- DATA BELOW -
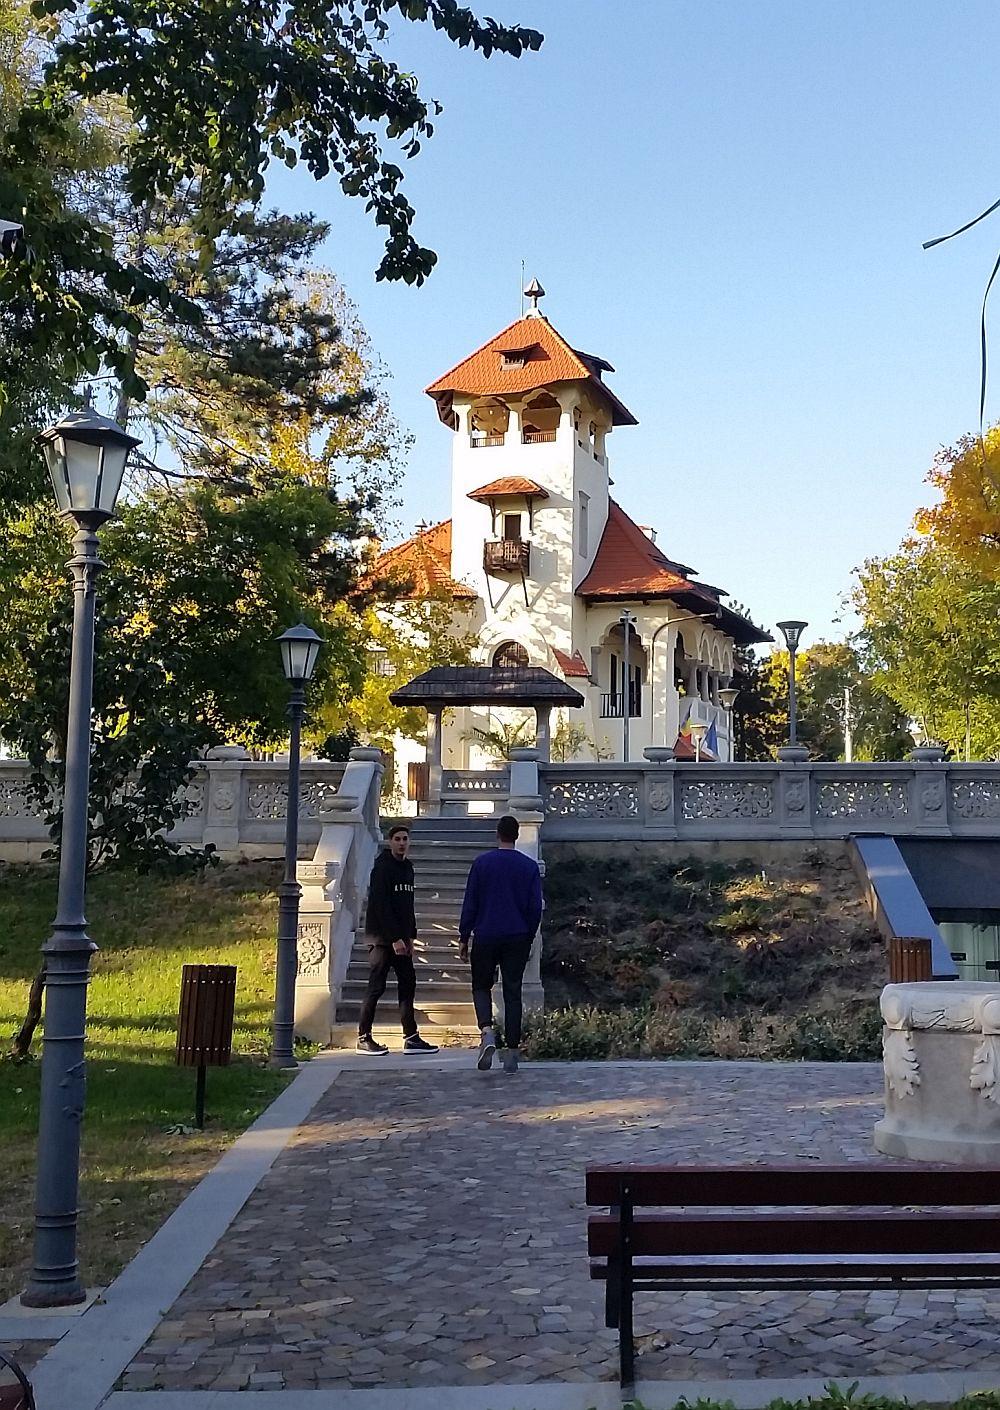 Gemenii mei Lucian și Ștefan au zăbovit îndelung în parcul Vilei Minovici unde au dat peste tot felul de lucrări în piatră.
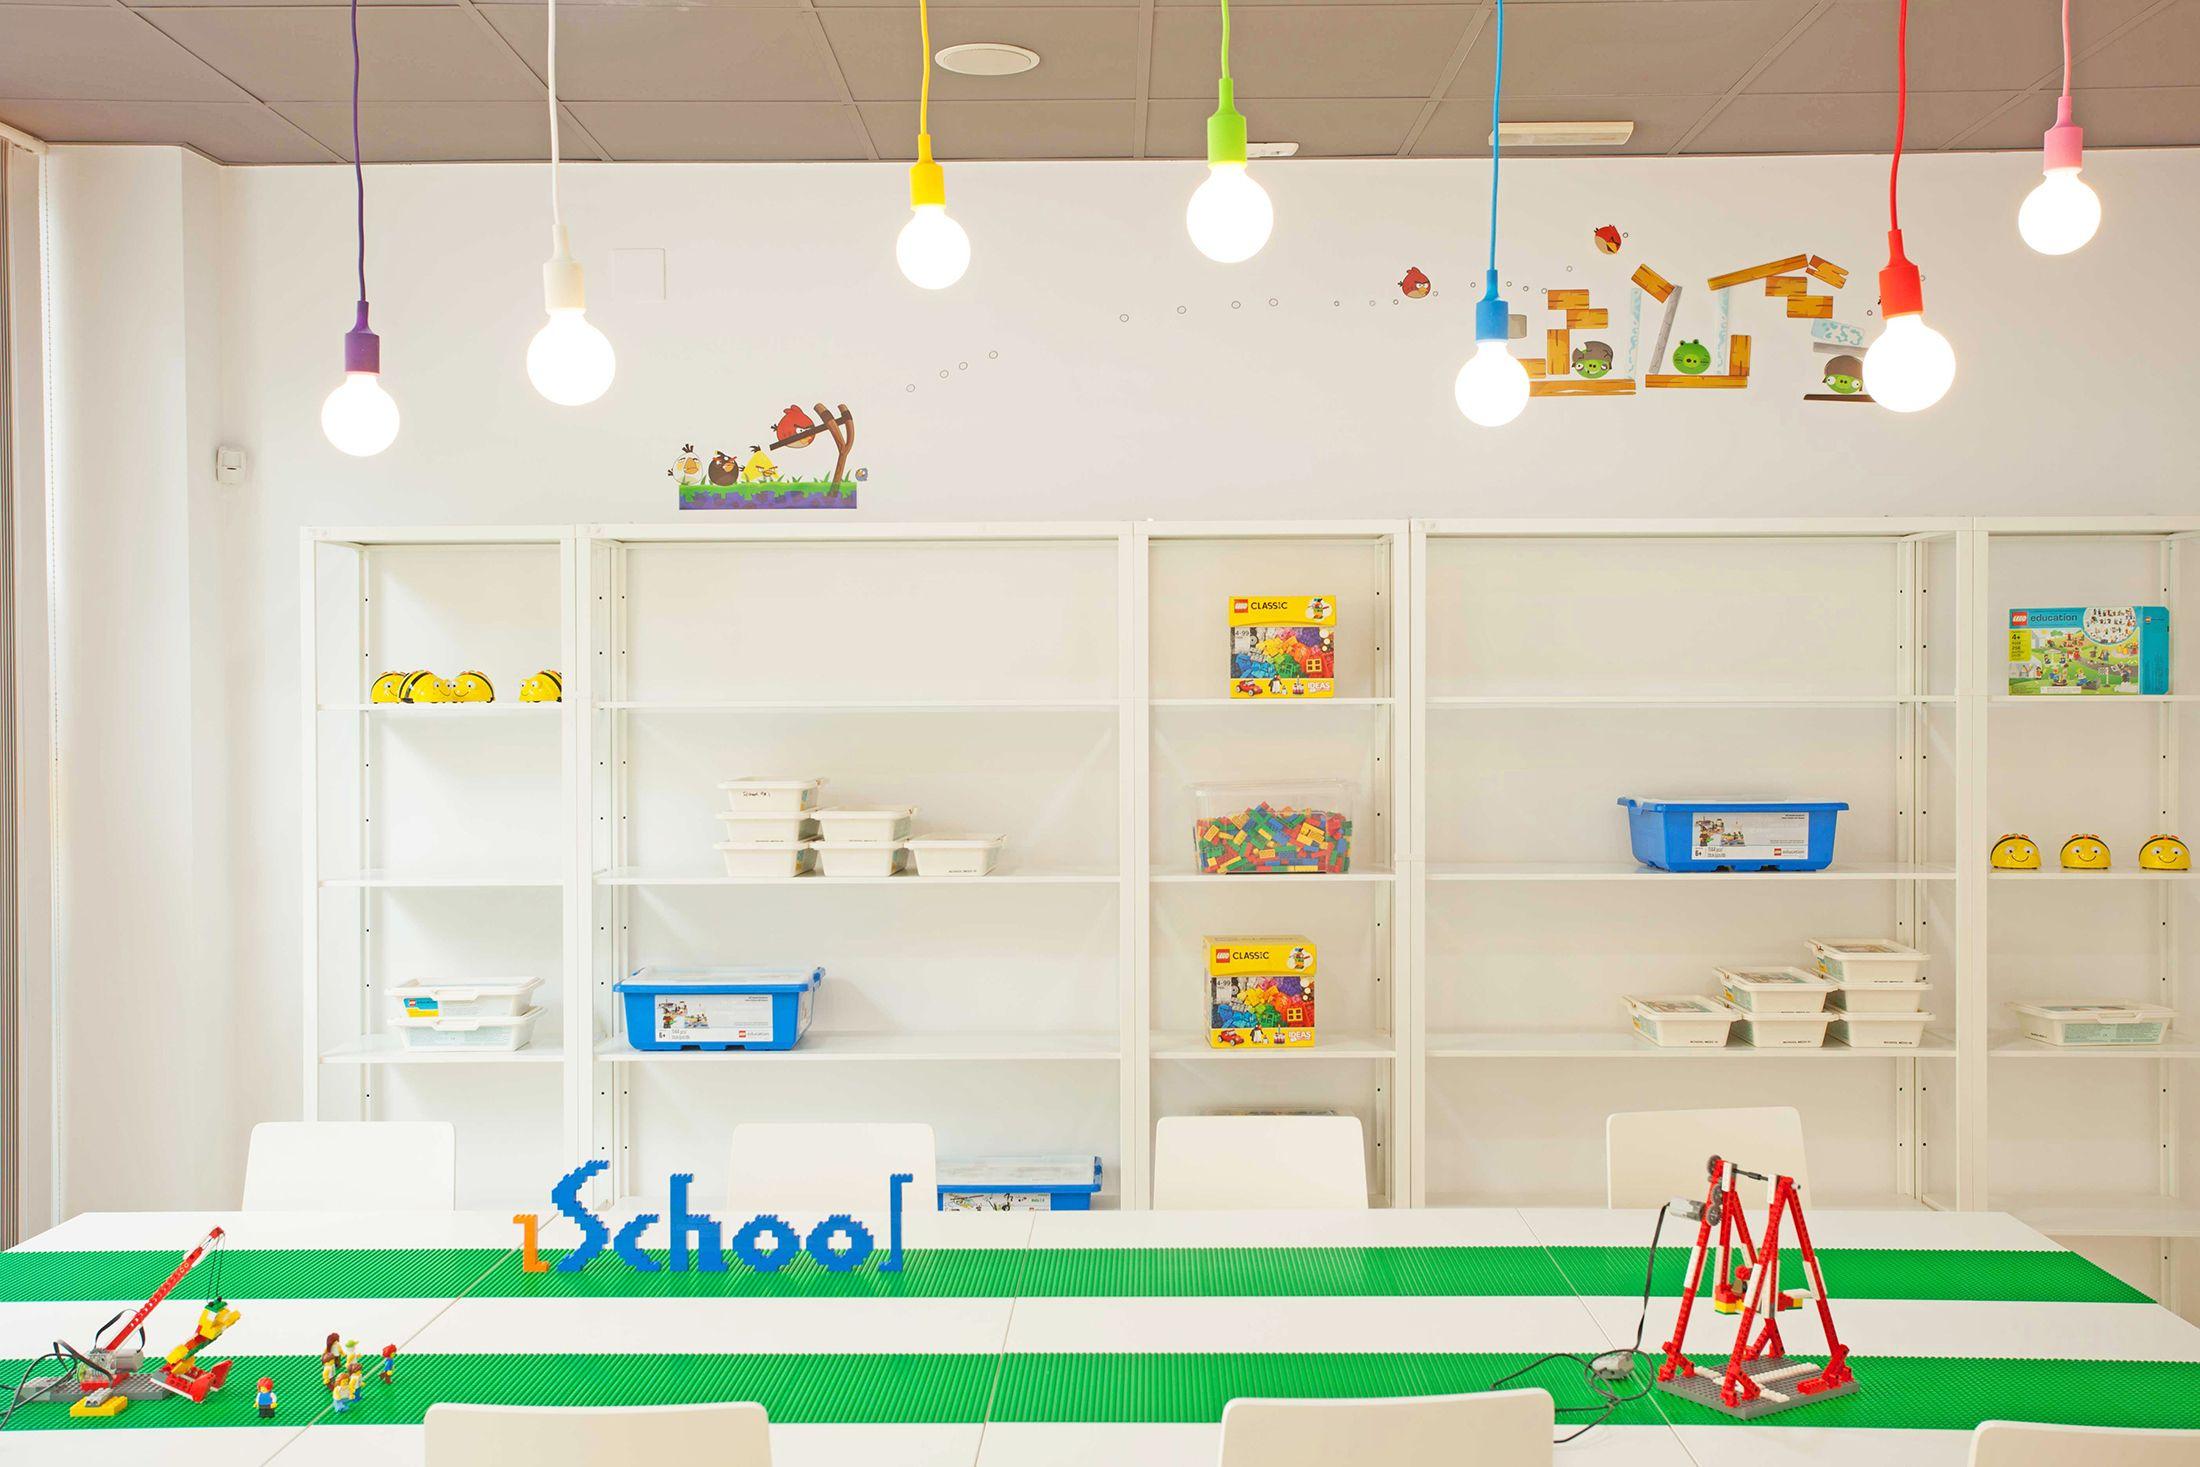 Diseño integral interiorismo reforma escuela robótica programación para niños | Perspectiva Moma
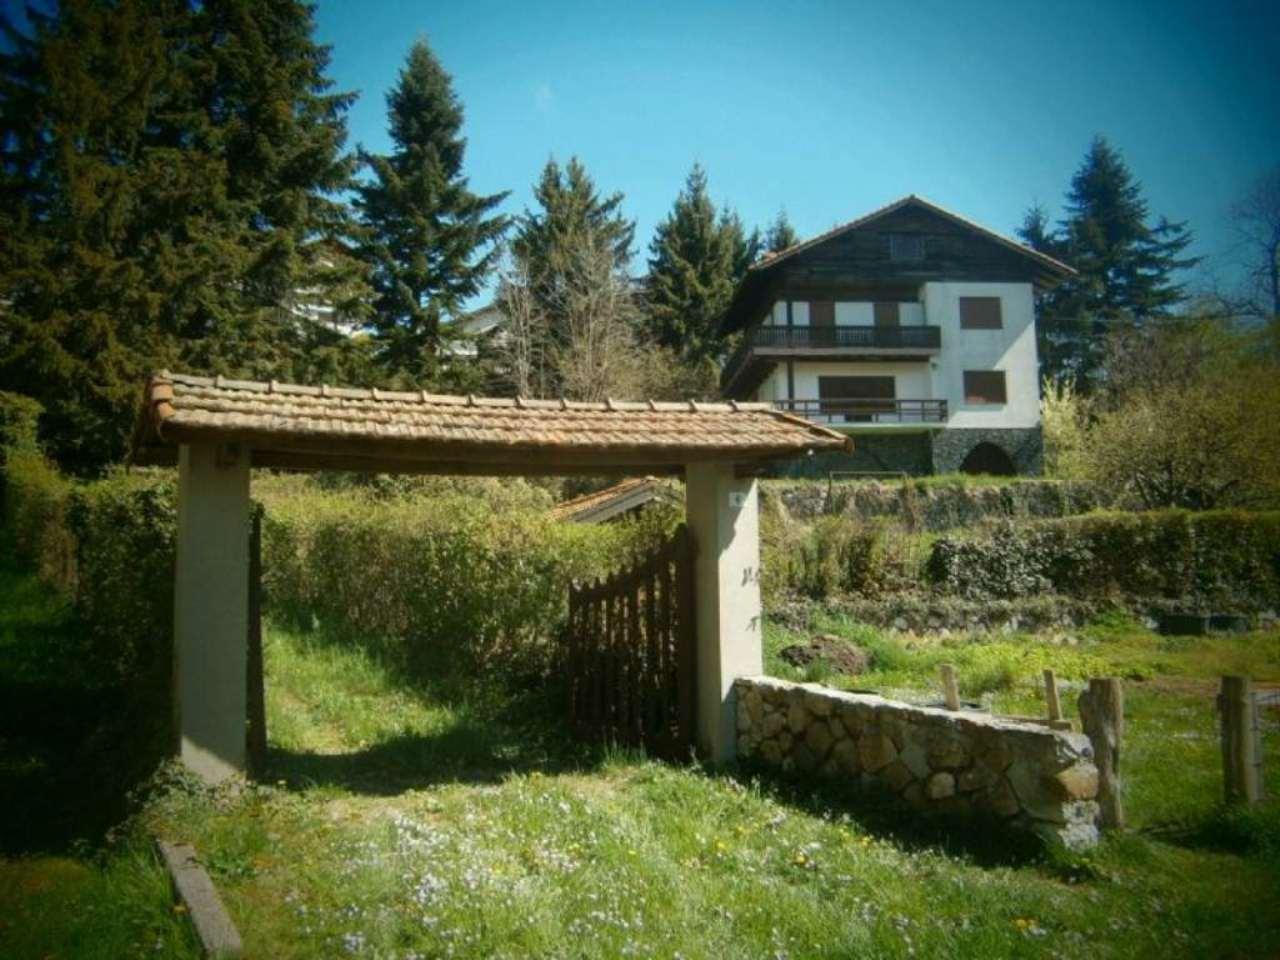 Villa in vendita a Fontanigorda, 11 locali, prezzo € 350.000 | CambioCasa.it

- REQUIRED WORK -
Nothing but the pictures should be left out when the listing above is transcribed.

- EXERCISE SOLUTION -
 Gemenii mei Lucian și Ștefan au zăbovit îndelung în parcul Vilei Minovici unde au dat peste tot felul de lucrări în piatră.
 Diseño integral interiorismo reforma escuela robótica programación para niños | Perspectiva Moma
 Villa in vendita a Fontanigorda, 11 locali, prezzo € 350.000 | CambioCasa.it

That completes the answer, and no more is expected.